West and his colleagues examine the behavior of infrastructure and socioeconomic variables as cities grow larger. They find that some infrastructure variables, such as gasoline stations and the length of electric cables, scale sublinearly with a city’s population size. For example, rising population is associated with fewer gas stations per person and less road surface per person. Other variables, such as total employment and household water consumption tend to scale linearly with city population size.

The most interesting findings concern socioeconomic variables, many of which scale superlinearly with population. Here is West’s description from a 2009 article in SEED magazine:

"…[If] the size of a city doubles, then, on average, wages, wealth, the number of patents, and the number of educational and research institutions all increase by approximately the same degree, about 15 percent…The bigger the city, the more the average citizen owns, produces, and consumes, whether it’s goods, resources, or ideas.”

“However, the dark side of urban life manifests an analogous “superlinear” behavior. Doubling the size of a city increases wealth and innovation by about 15 percent, but it also increases the amount of crime, pollution, and disease by roughly the same amount."

The benefits of urban growth do not come without costs.

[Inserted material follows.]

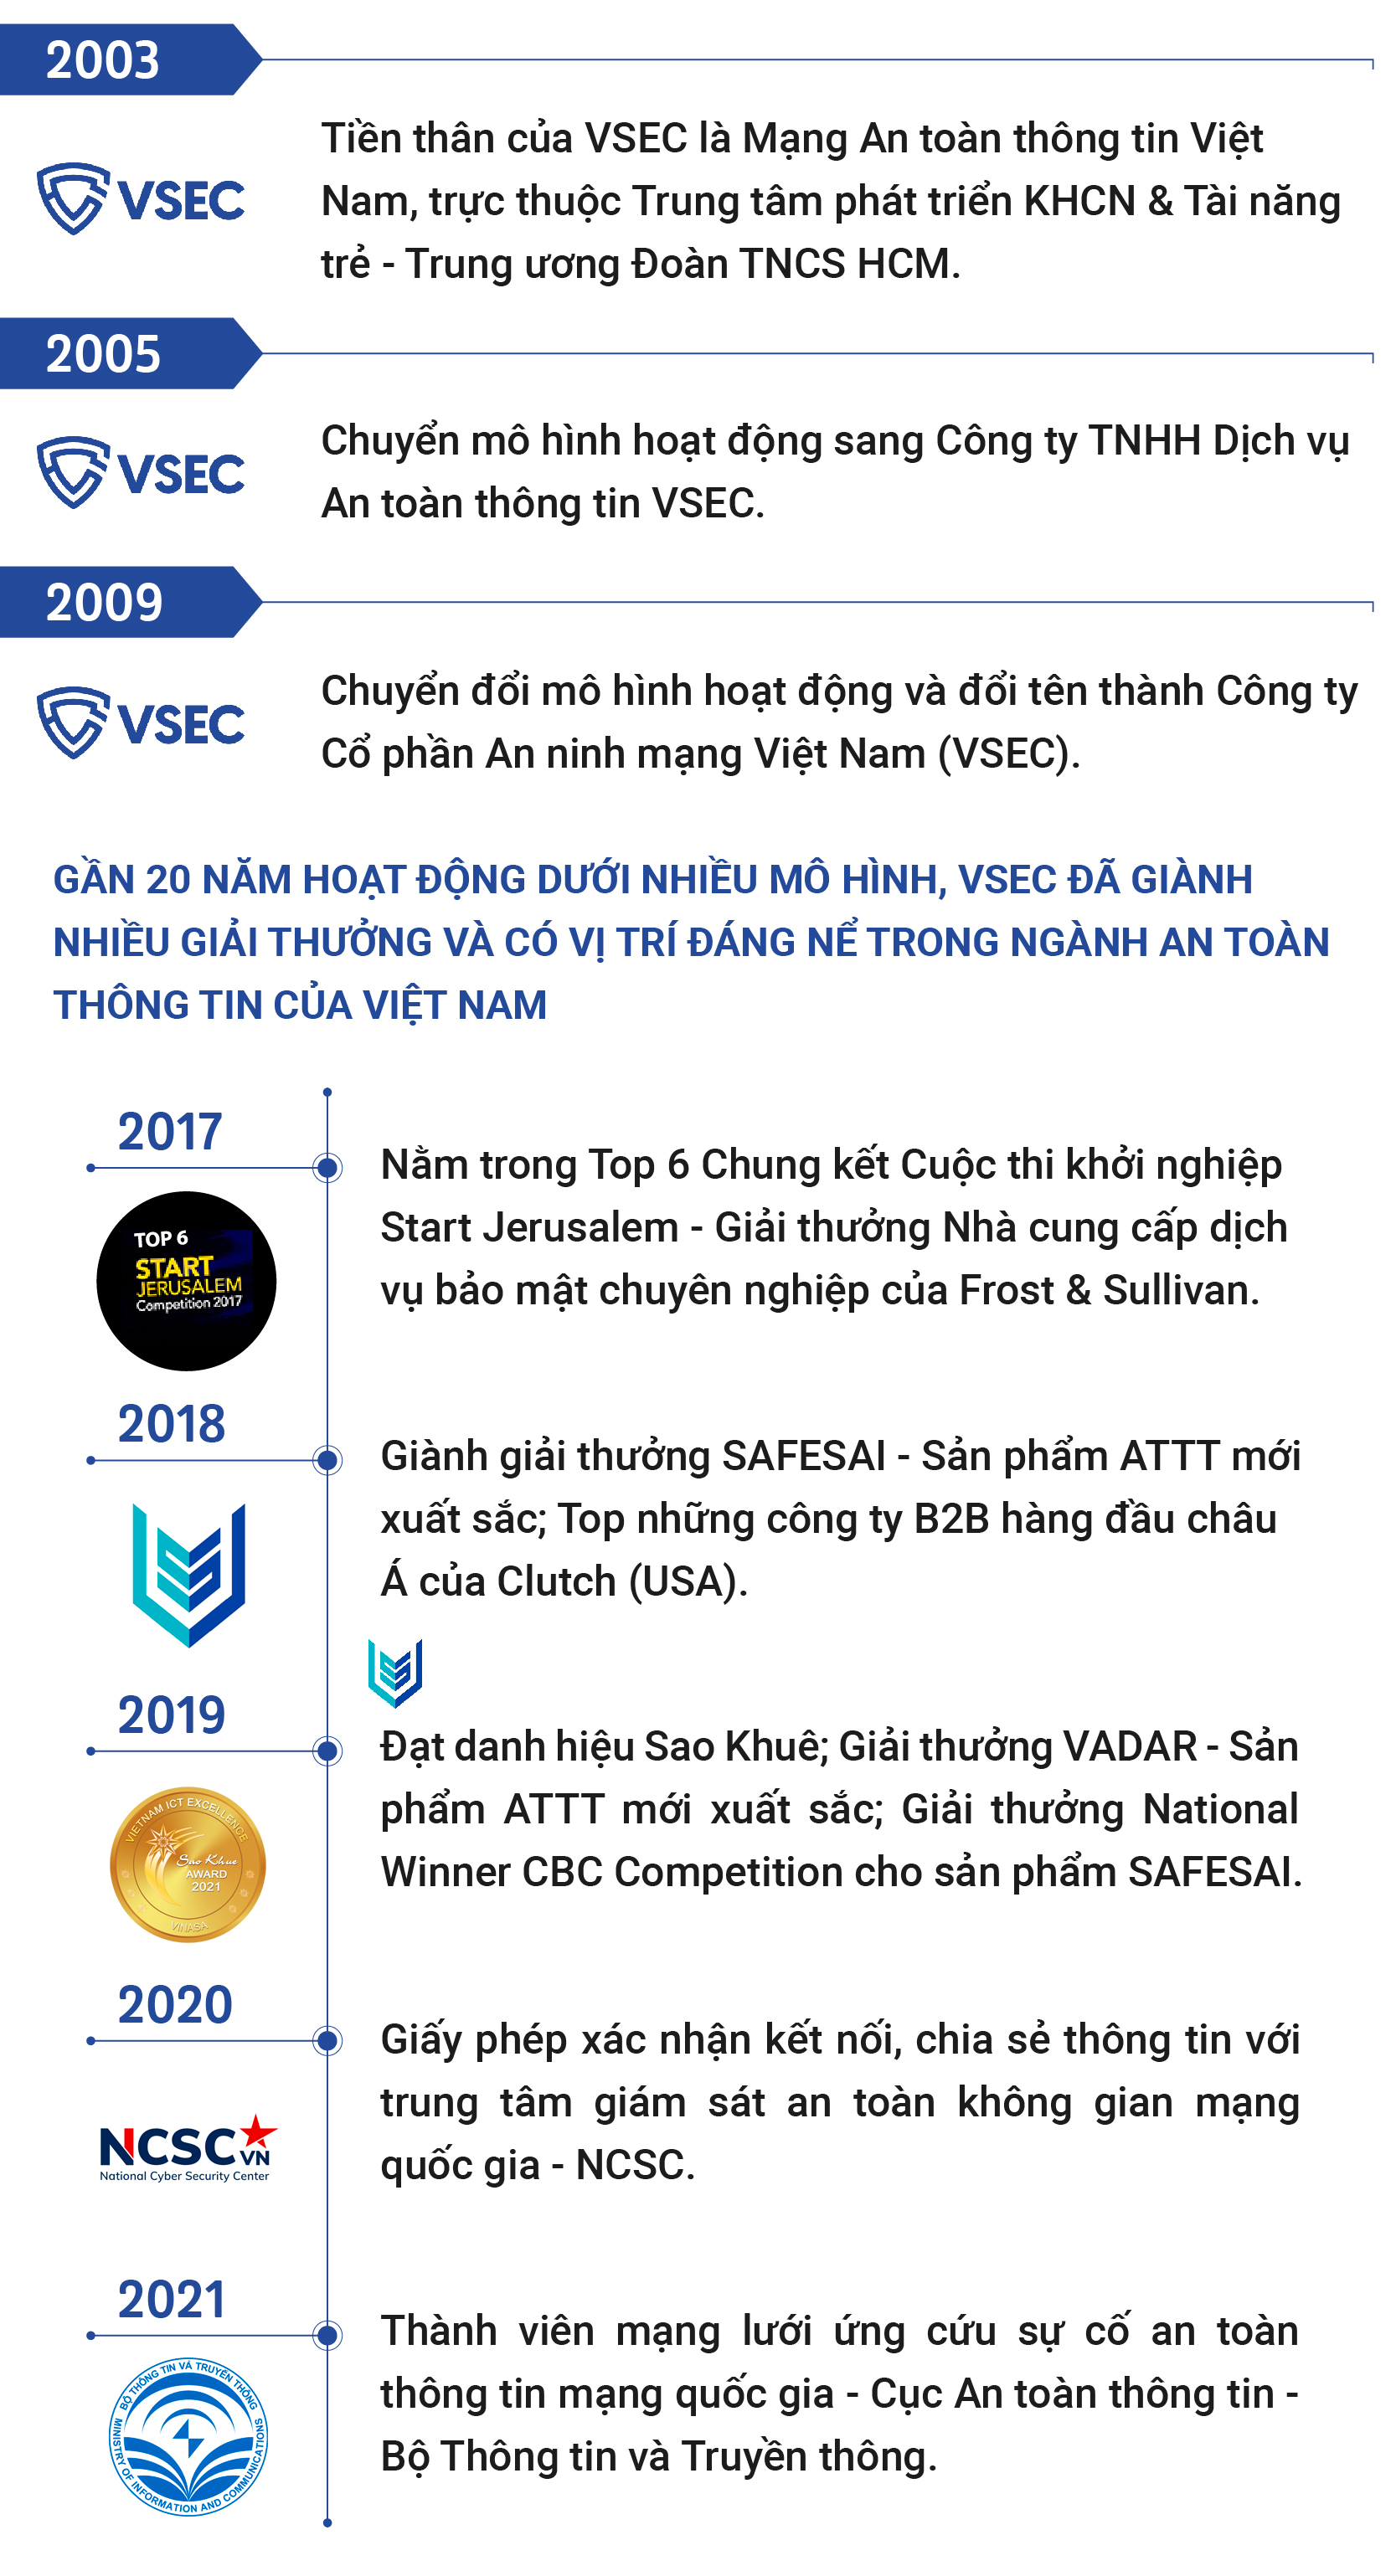 CEO VSEC Trương Đức Lượng: “Với ngành công nghệ, đúng thời điểm quyết định tất cả” - Ảnh 10.

Maintaining a favorable balance will require systems of rules that can adapt to the scaling effects from urban growth, enabling the benefits of urbanization (scale economies for infrastructure, higher levels of income, innovation, education, and ideas per person) while minimizing the costs (higher levels of crime, pollution, and disease per person).

Billions of people will move to cities this century, a trend that will be particularly strong in the developing world. The downsides of urbanization are not inescapable. Innovation in the space of rules can ensure that cities are cleaner, healthier, and safer places than the places urban migrants leave behind. As West suggests, developing cities that unambiguously enhance human welfare will require a deeper understanding of the social networks underlying the scale effects of urbanization.